Scraped data is imported into graph database of Neo4j. Few of the visualizations that are possible with our data model are:

  • Author network

  • Institute network

  • Country network

  • Spread of a domain in a country

  • Collaboration network of an Institute

  • Extract year-wise publication trend of an author

This data when queried appropriately can help to visualize the shape of ‘Internationality’ of a Journal at various levels. Few of the visualization are as following.

a. Journal to Author to Country mapping

Figure 4, shows mapping of a journal to Author and to Country, to which Institution belongs. The blue circles represent journal nodes, purple circles are author nodes, yellow represent article nodes and red ones are country nodes. These links will help in identifying degree of contribution of countries and regions to a domain. Since we can identify spurious journals using journal’s internationality modeling index (JIMI), we can now identify which regions are essentially contributing more to such nexus of fake and dubious journals.

Figure 4

Journal to Author to Country mapping: red colored node represents country (India), purple node are authors, yellow nodes are title of the articles they authored and blue nodes are affiliating institutes.
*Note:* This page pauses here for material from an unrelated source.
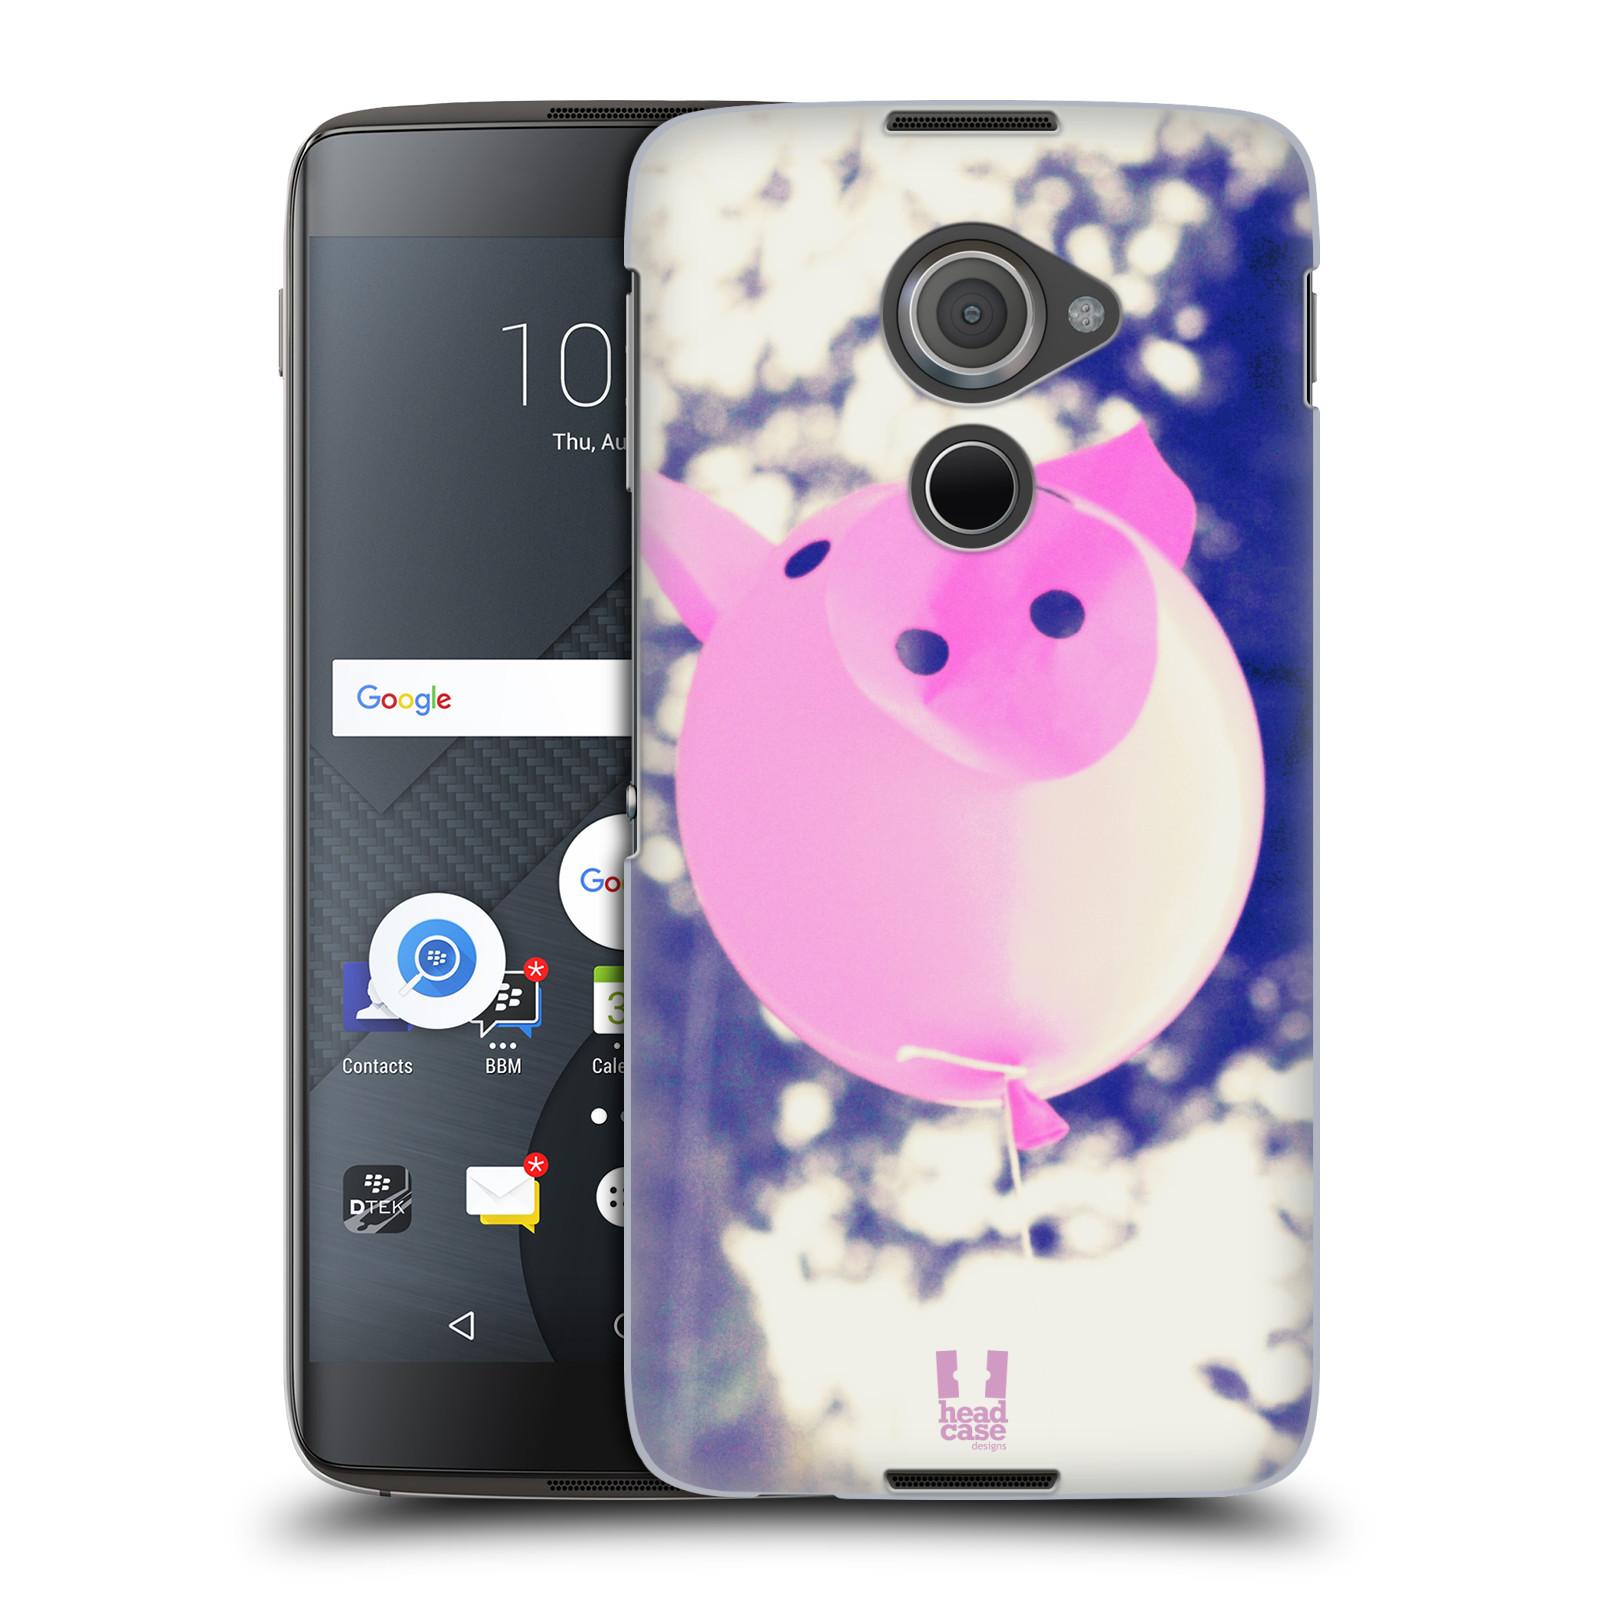 Plastové pouzdro na mobil Blackberry DTEK60 (Argon) - Head Case BALON PAŠÍK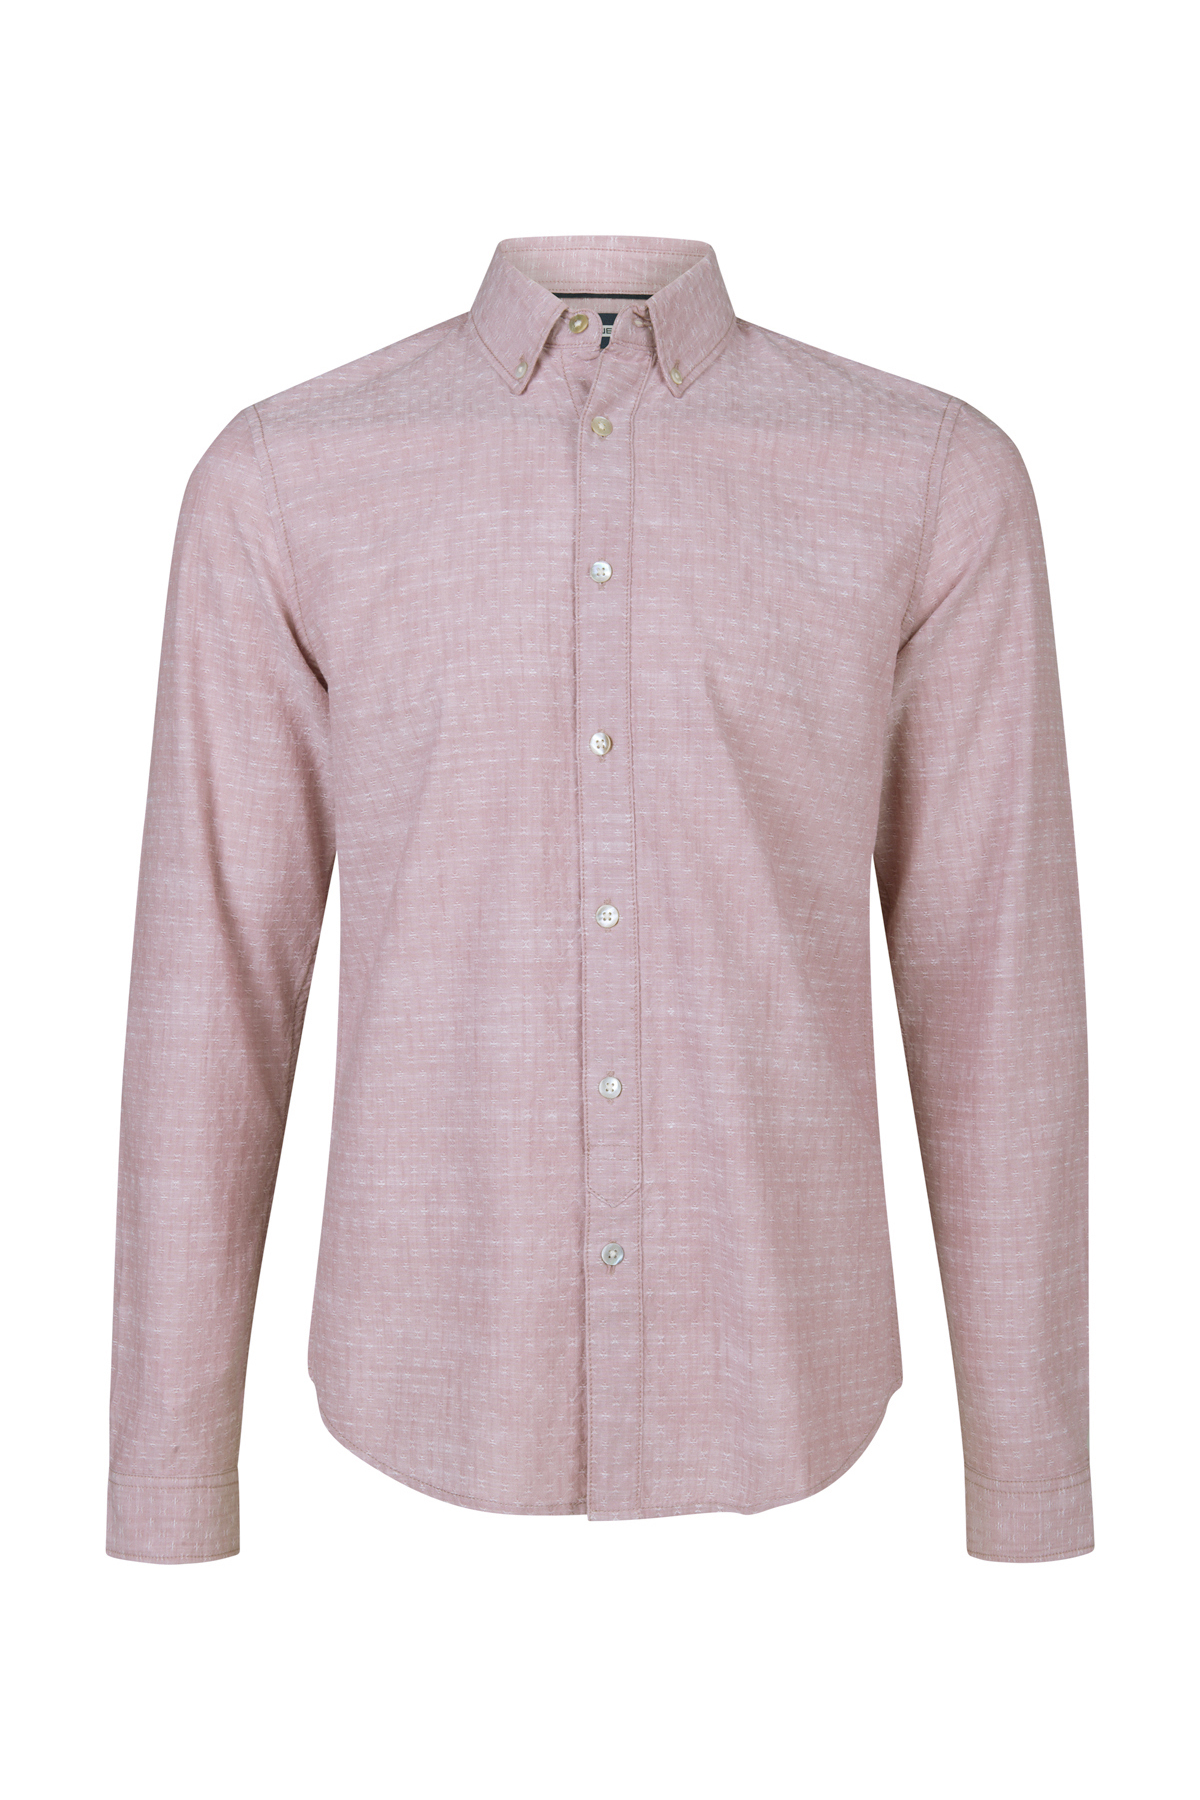 Heren Overhemd Roze.Heren Slim Fit Dessin Overhemd 94406603 We Fashion

https://s3-us-west-2.amazonaws.com/jourdata/Jscires/JScientometRes-7-2-114_g004.jpg

b. Author to Institute to Country mapping

Figure 5 shows mapping of the Author to Institute to Country. Blue nodes represent Institution, red represent country and purple represent author nodes. This mapping can help in identifying the contribution trends pertaining to a particular Institute and Country in particular.

Figure 5

Author to Institute to Country mapping: red nodes are the countries, blue nodes are institutes and purple nodes shows authors who are serving these institutes

https://s3-us-west-2.amazonaws.com/jourdata/Jscires/JScientometRes-7-2-114_g005.jpg

c. Article to Author Mapping

Figure 6 is visualization of a particular author’s contribution in totality. We can query this data based on year to visualize year by year contributions made. In the figure purple nodes are authors and yellow nodes are articles. For a rich and dense data we can provide visually appealing information about an author’s reach and contributions using this visualization.

Figure 6

Author to Article mapping: purple nodes depicts authors and yellow nodes are published articles

https://s3-us-west-2.amazonaws.com/jourdata/Jscires/JScientometRes-7-2-114_g006.jpg

d. Institute to Country to Region mapping

Figure 7 is the data for all of the institutes belonging to a country, and countries belonging to a Region. These links can help in identifying contribution of various institutes and respective countries to a domain

Figure 7

Institute to Country to Region mapping: red nodes are the countries, blue nodes are institutes and green nodes are regions. The figure shows that US has large number of institutes.

https://s3-us-west-2.amazonaws.com/jourdata/Jscires/JScientometRes-7-2-114_g007.jpg

All the articles with a degree of Article impact, when measured using Singular value Decomposition for that domain and the journals with a measure of ‘internationality’ (computed using Cobb Douglas model) will define the degree of contribution made by any Institute and in turn Country to a particular scientific domain (to which that journal belongs to).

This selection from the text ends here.